Dzieci prezydenta wrzuciły tam filmik "Pewnie nas nie znacie", w którym zachęcają do głosowania na ojca. "Nie jesteśmy celebrytami. (.) Pracujemy, wychowujemy dzieci, płacimy podatki, mamy kredyty. Jedyne co jest nietypowego w naszym życiu to to, że nasz tata jest prezydentem" - zaczyna spot Maria (32 l.). "My też naprawdę nie we wszystkim się z nim zgadzamy, ale znamy go i wiemy, że totalnie zależy mu na Polsce" - dodaje najmłodsza Elżbieta (26 l.). - Dawno się tak nie wzruszyłem - powiedział prezydent. Tym bardziej że - dodał - dzieci trzymają się z dala od kamer. Prawda. Wspólnych fotografii Komorowskich trudno szukać. Choć np. w Narodowym Archiwum Cyfrowym zachowało się kilka zdjęć z 1991 r. przedstawiających wiceministra obrony narodowej Bronisława Komorowskiego z rodziną.
Zobacz też: Nowy sondaż. Duda UCIEKA Komorowskiemu!

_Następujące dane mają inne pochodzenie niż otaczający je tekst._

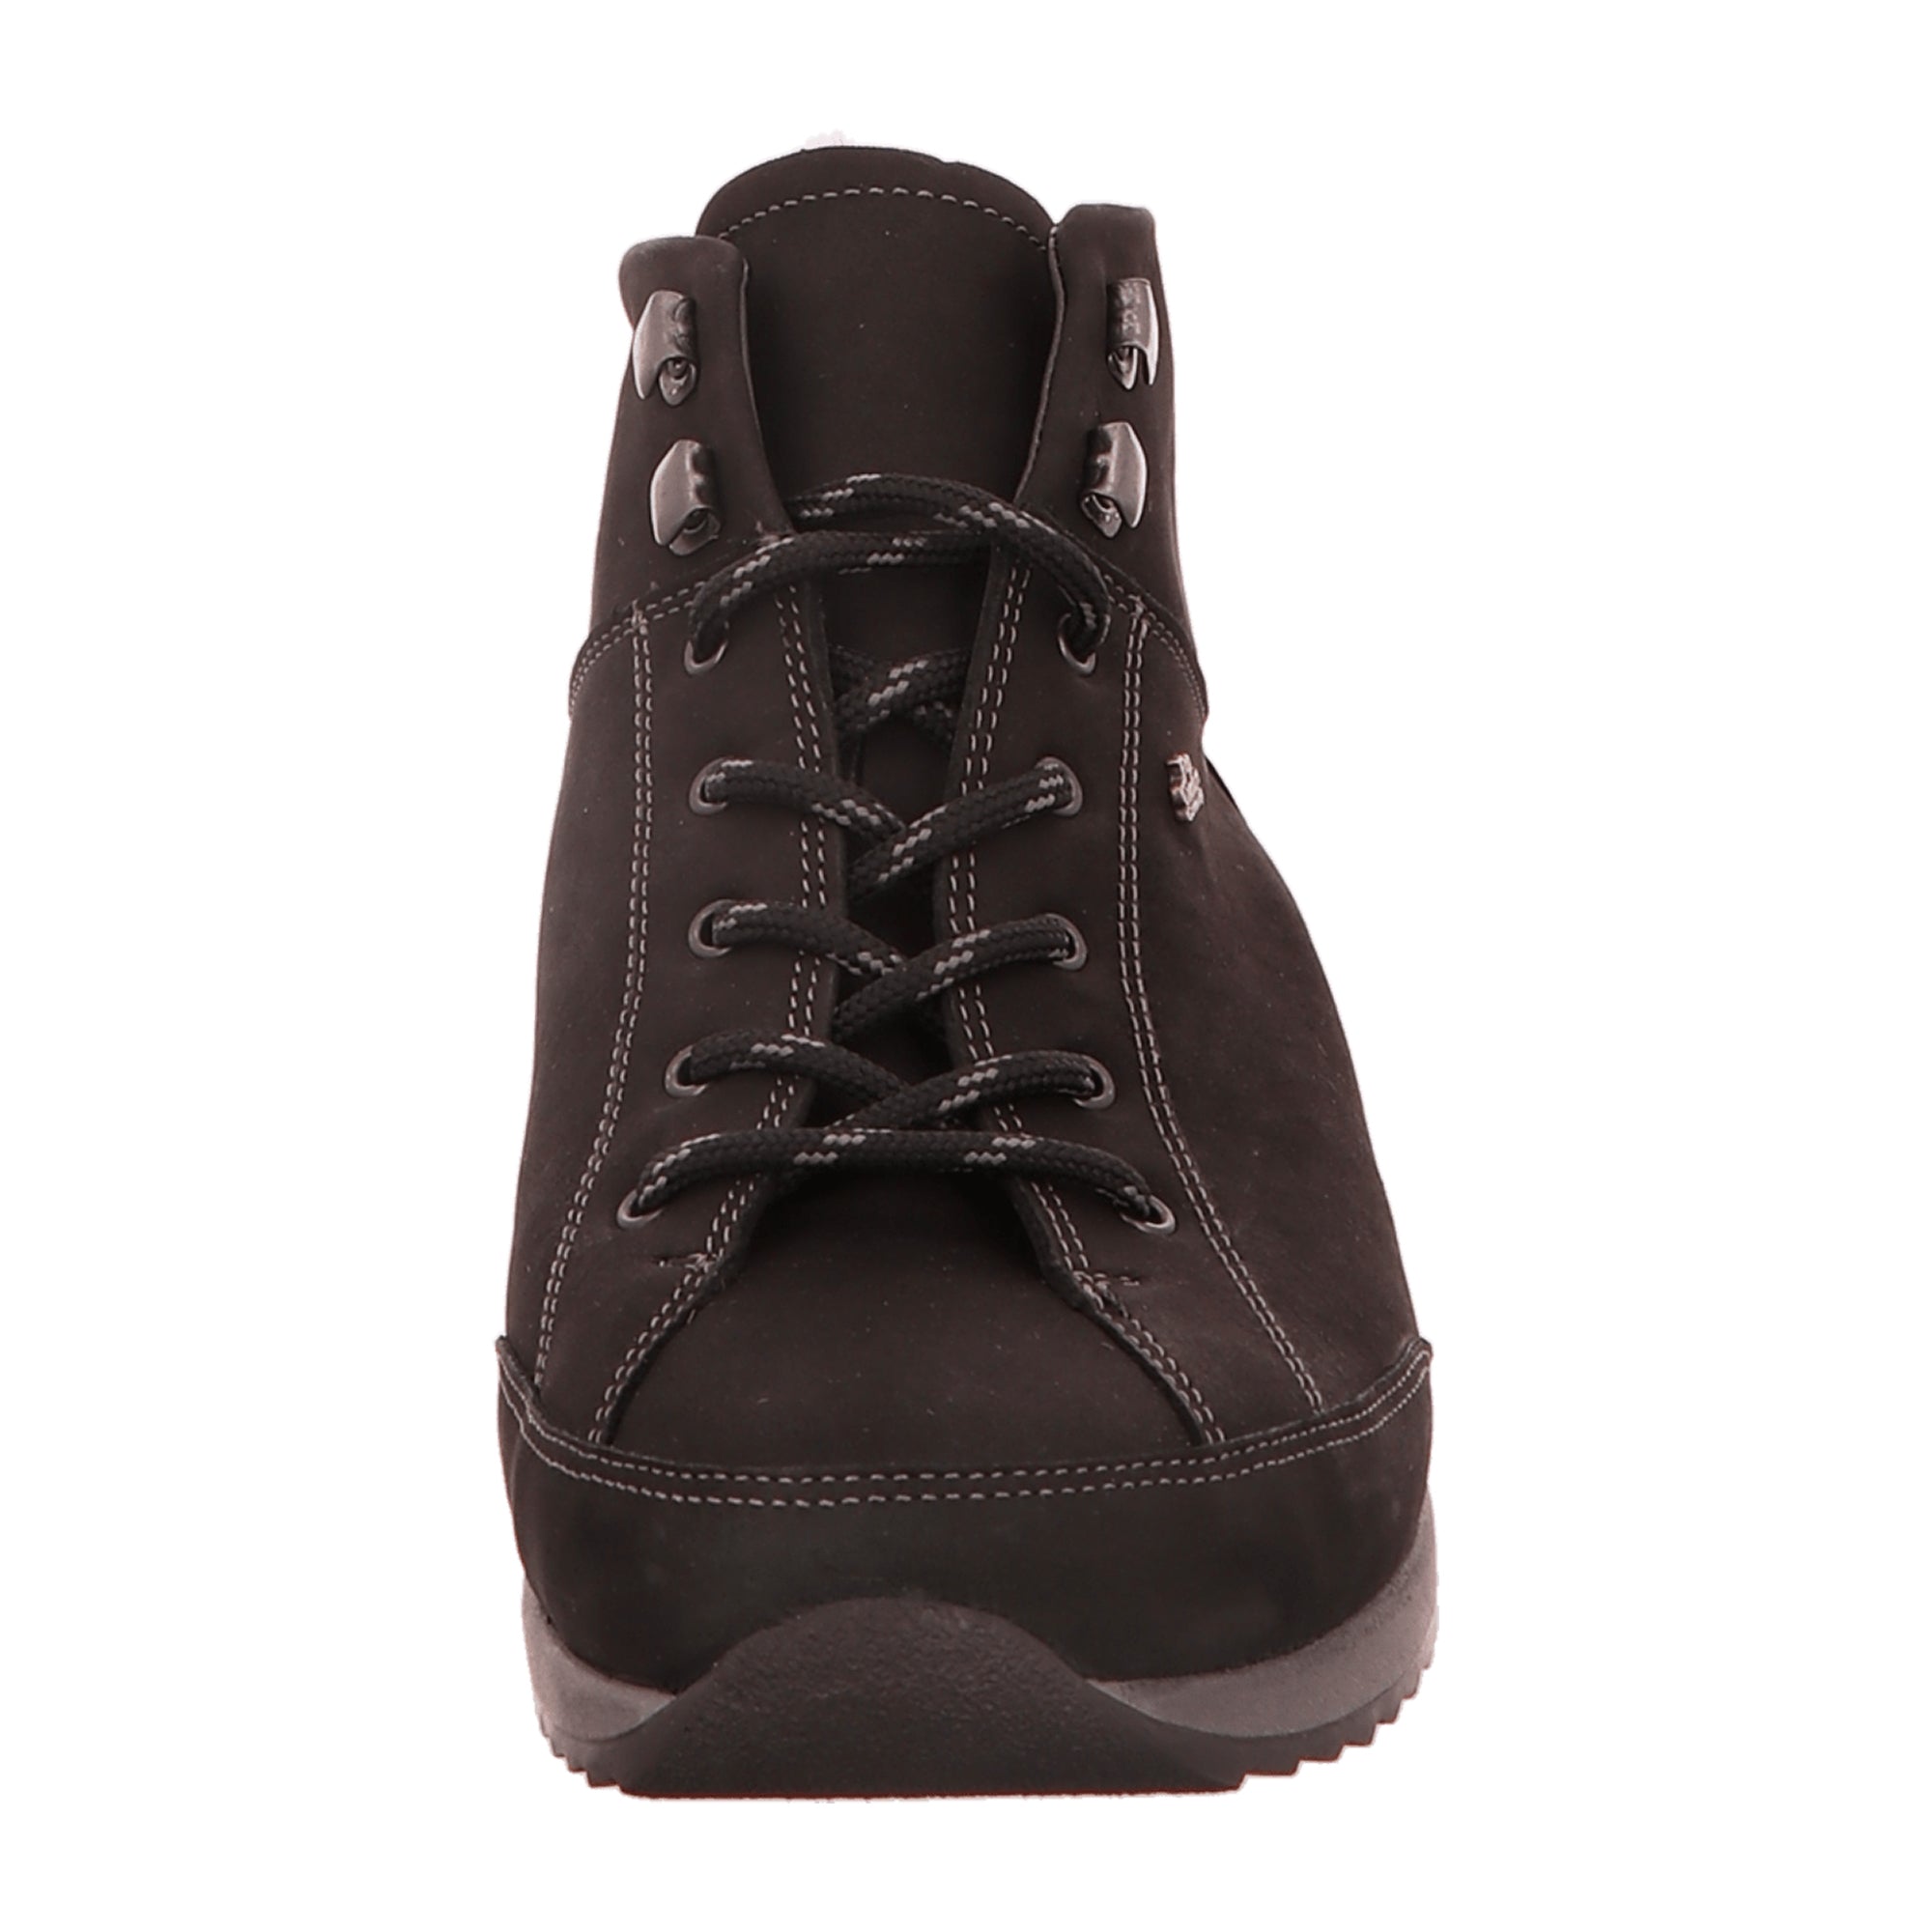 Finn Comfort Merano Women's Brown Comfort Shoes - Stylish & Durable

Prezydent jest "pod wąsem", szczuplutki, pani Anna ma blond włosy, a wokół nich kręci się gromadka maluchów. Czas mijał, wiceminister został prezydentem, dzieci dorosły, wyszły z domu, poszukały pracy z daleka od urzędów, państwowych spółek. Żyją jak chcą i na własny rachunek. I do rodzinnych zdjęć się nie ustawiały. Chroniły prywatność. Aż do teraz, kiedy z pomocą przyjaciół nagrały filmik. Czy ich poświęcenie pomoże ojcu? Politolog powątpiewa. - Prywatne sprawy prezydenta już nie poruszą wyborców, nie zatrzymają tej fali społecznego buntu, który wywołał Kukiz - ocenia prof. Kazimierz Kik. - Prezydent ma szanse na wygraną, pod warunkiem że pomoże mu elektorat Platformy. Zaczyna bowiem brakować czasu, by zdobyć głos niezdecydowanych.